In the records that follow, find the line containing "Libro de Manuel" and the line containing "5 PESEWAS 1973 GHANA Coin #AY279.U - Ghana", then transcribe both and every line between them exactly, omitting pictures.

> [Data excerpts]:

^^^^

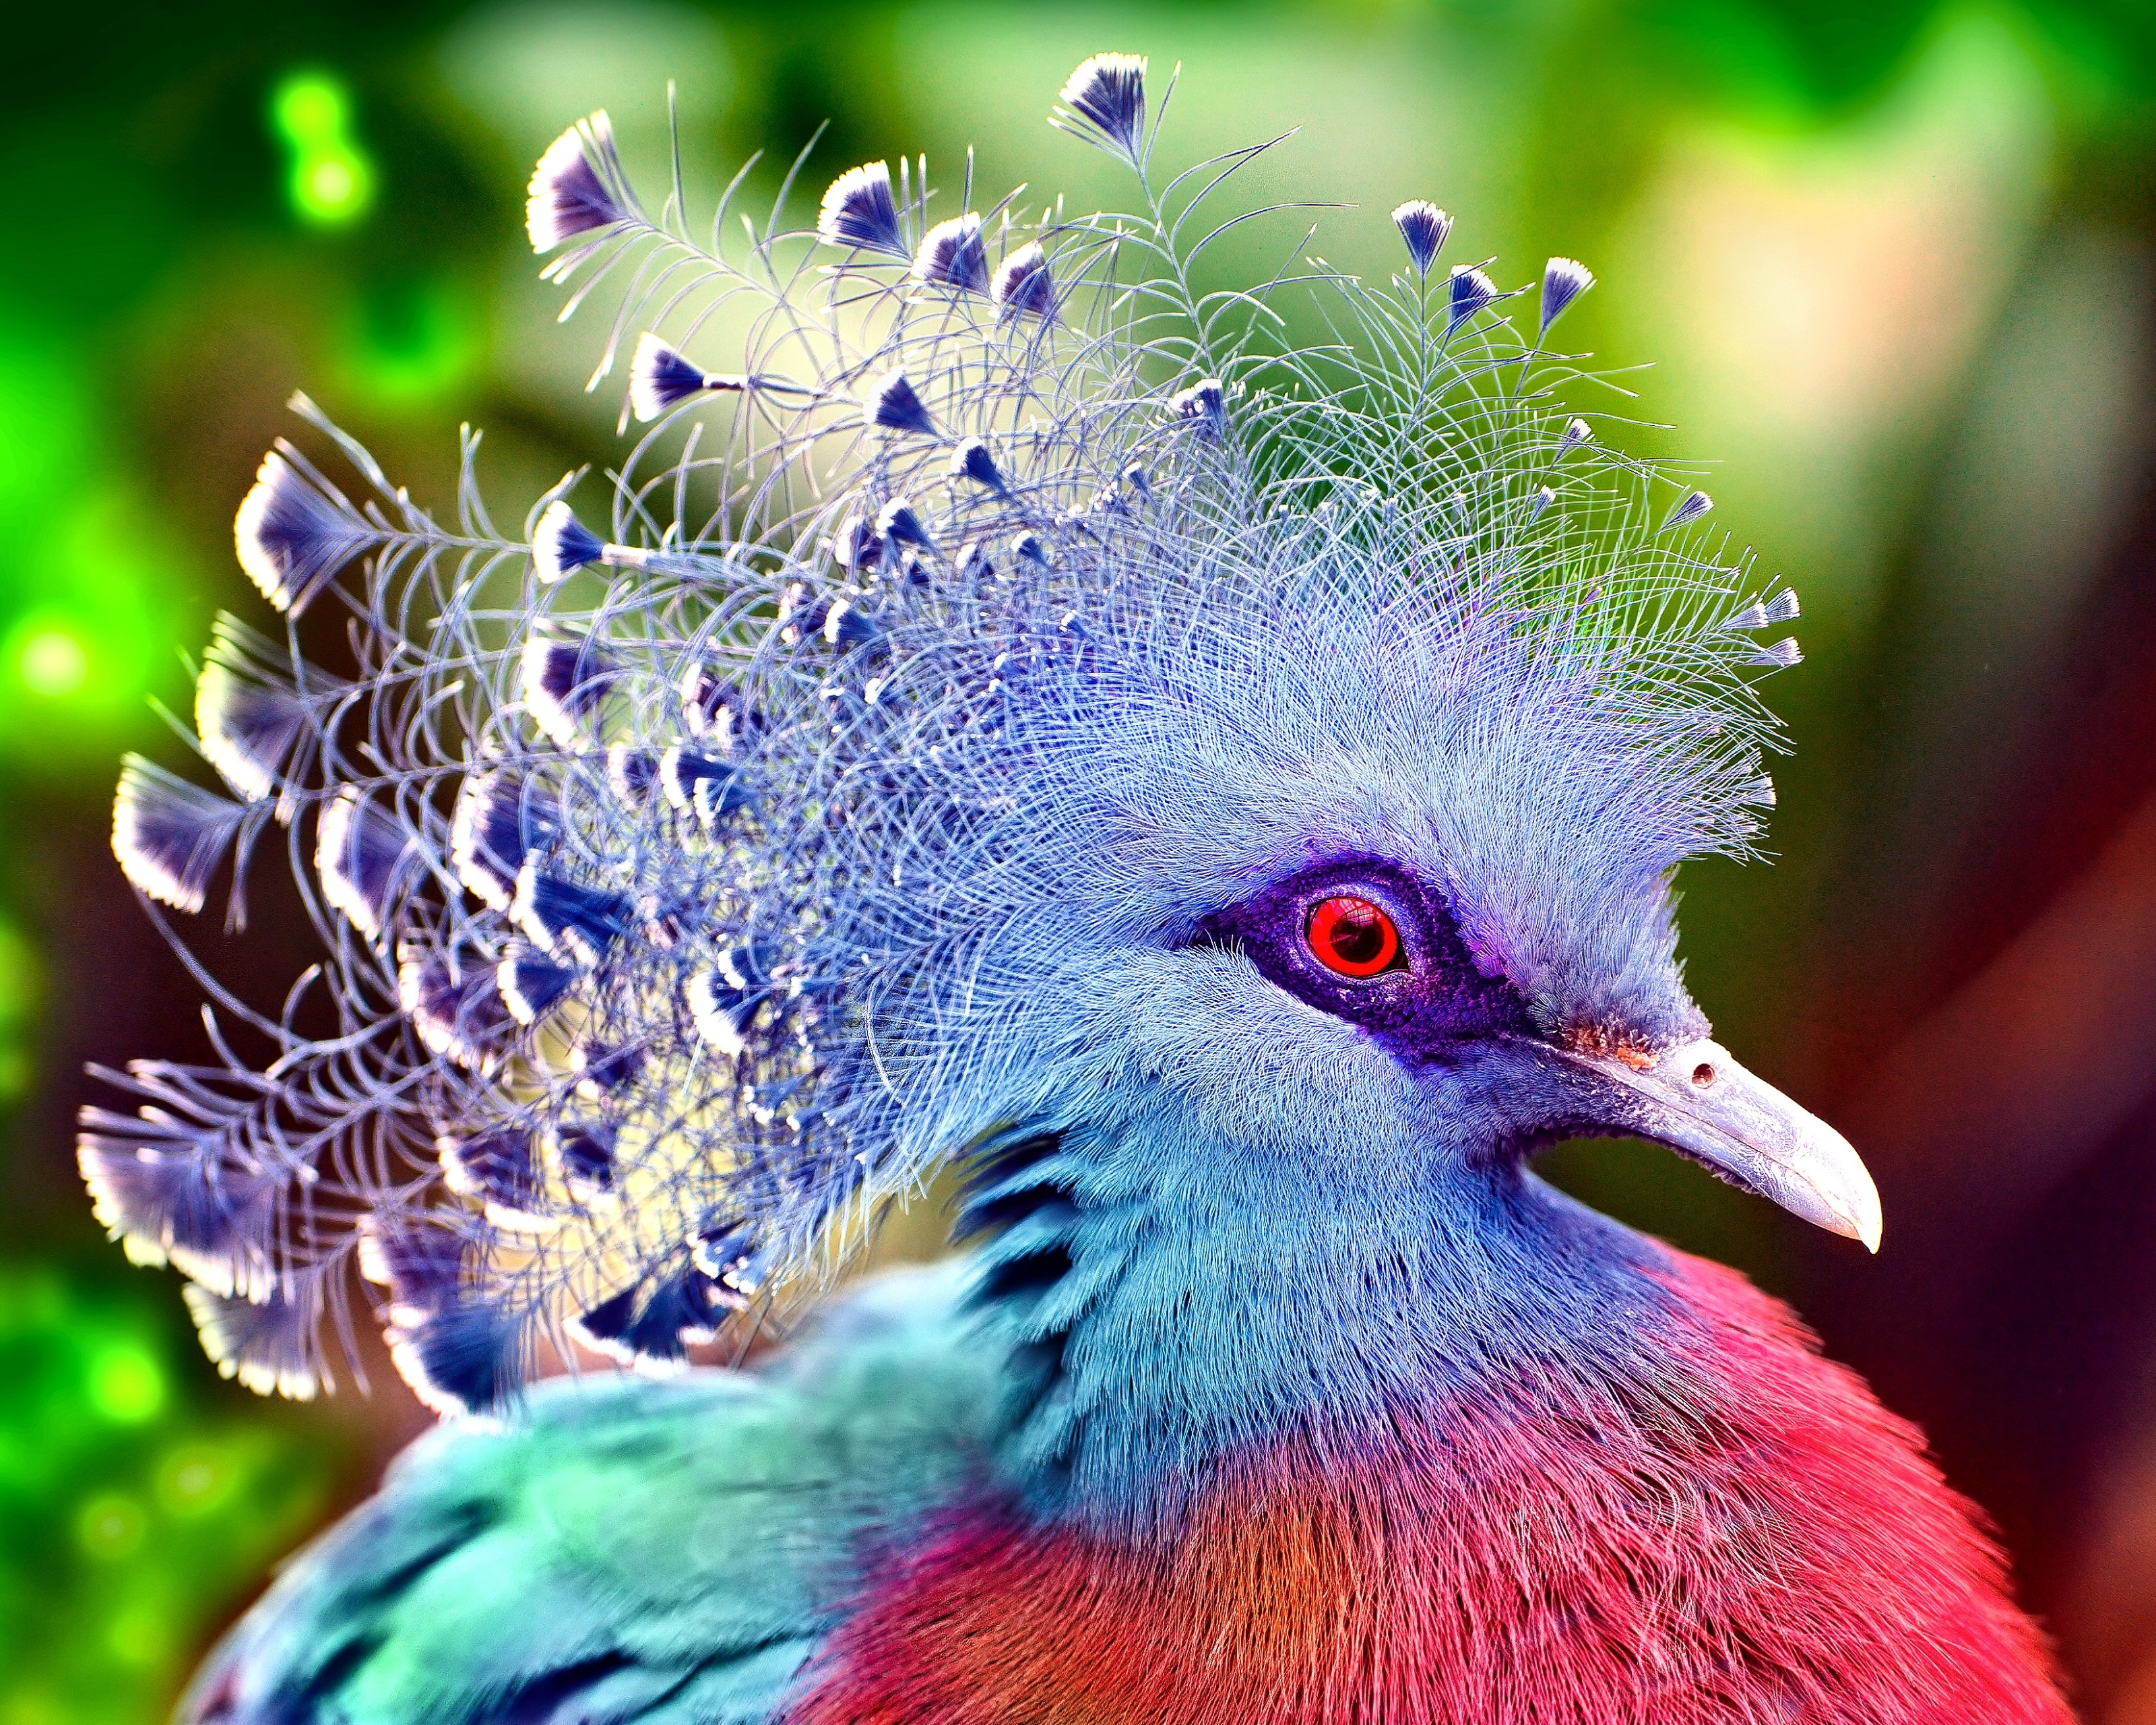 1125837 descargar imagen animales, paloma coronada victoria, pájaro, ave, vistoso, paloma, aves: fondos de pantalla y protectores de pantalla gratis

^^^^

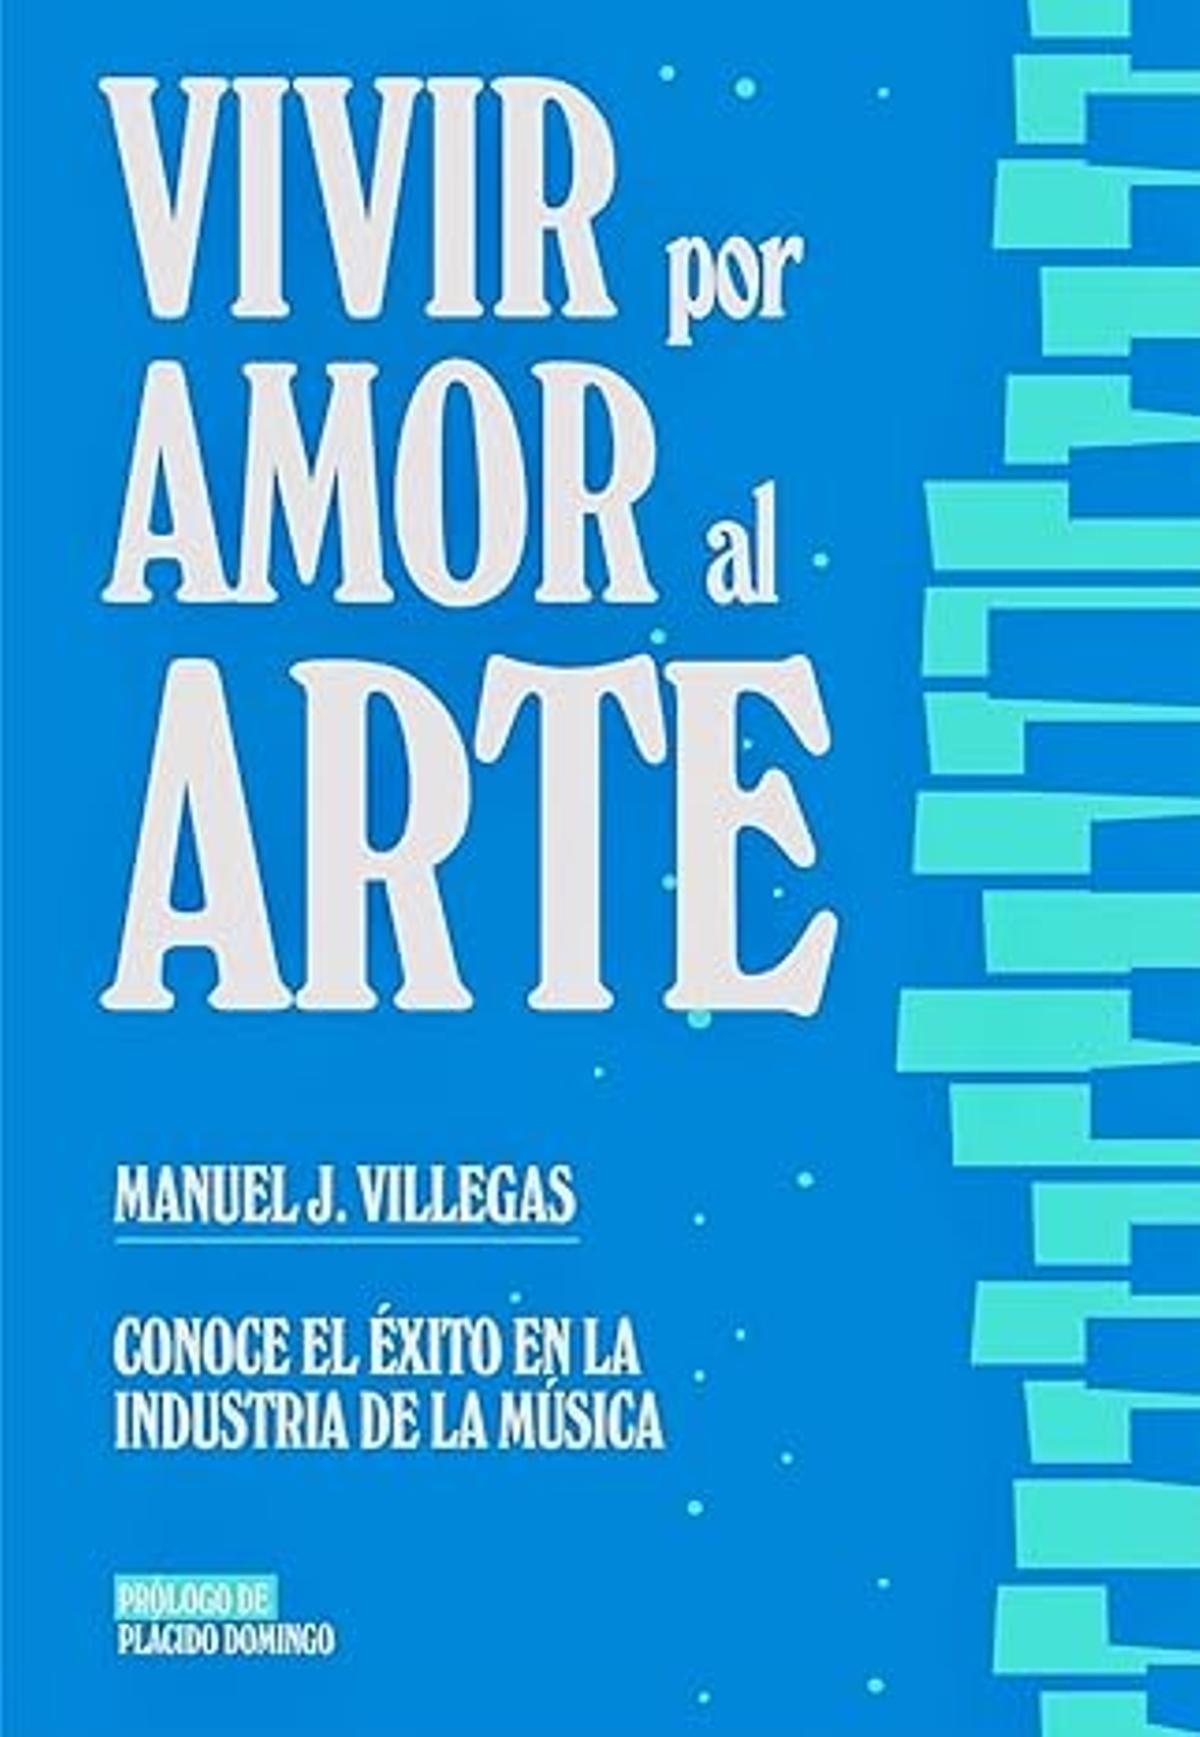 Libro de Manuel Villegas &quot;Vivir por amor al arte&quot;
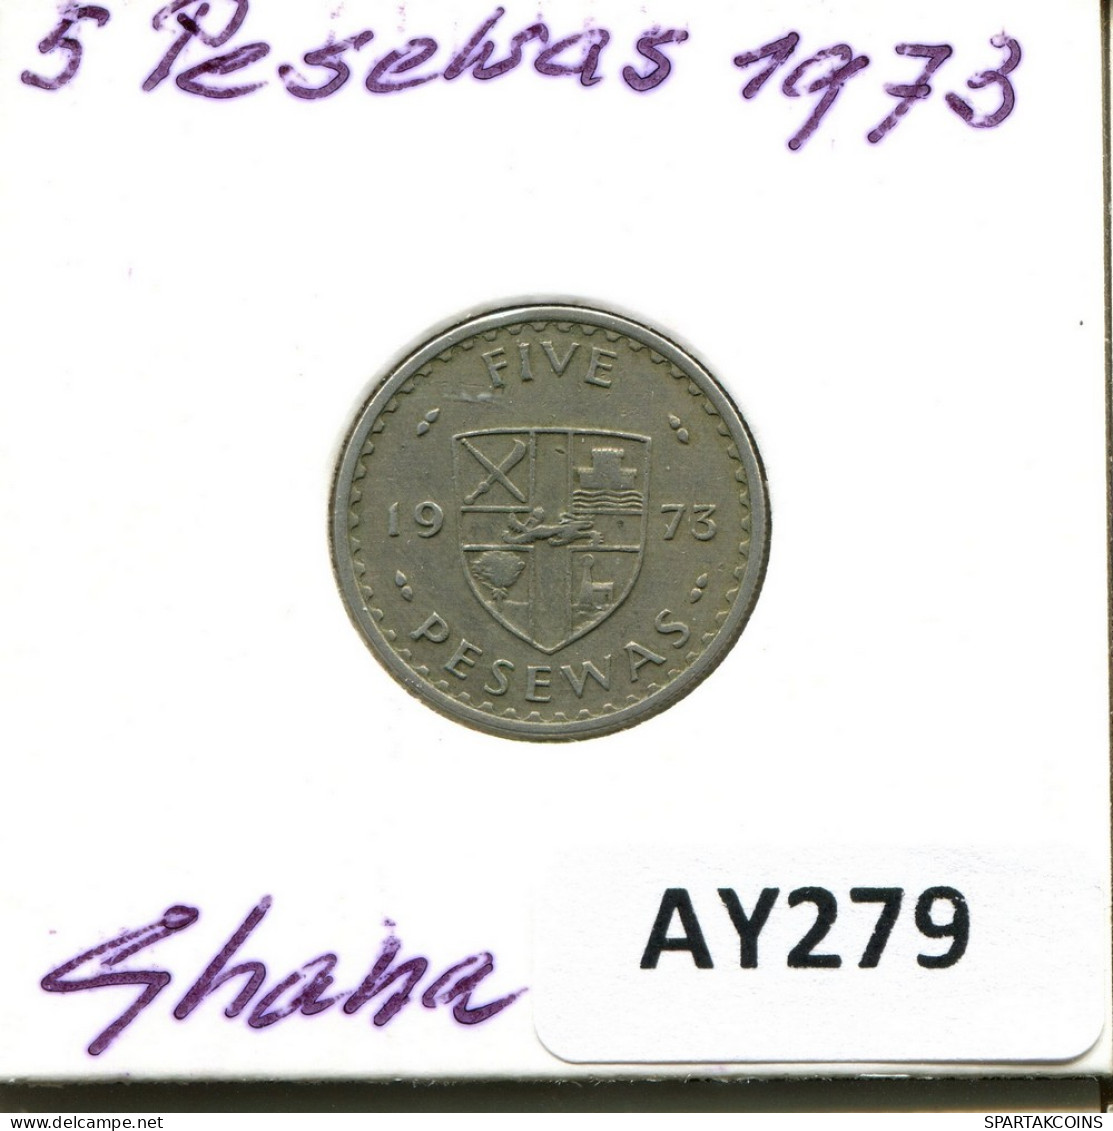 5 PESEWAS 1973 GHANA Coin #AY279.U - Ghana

^^^^

> [Answer below]:
 Libro de Manuel Villegas &quot;Vivir por amor al arte&quot;
 5 PESEWAS 1973 GHANA Coin #AY279.U - Ghana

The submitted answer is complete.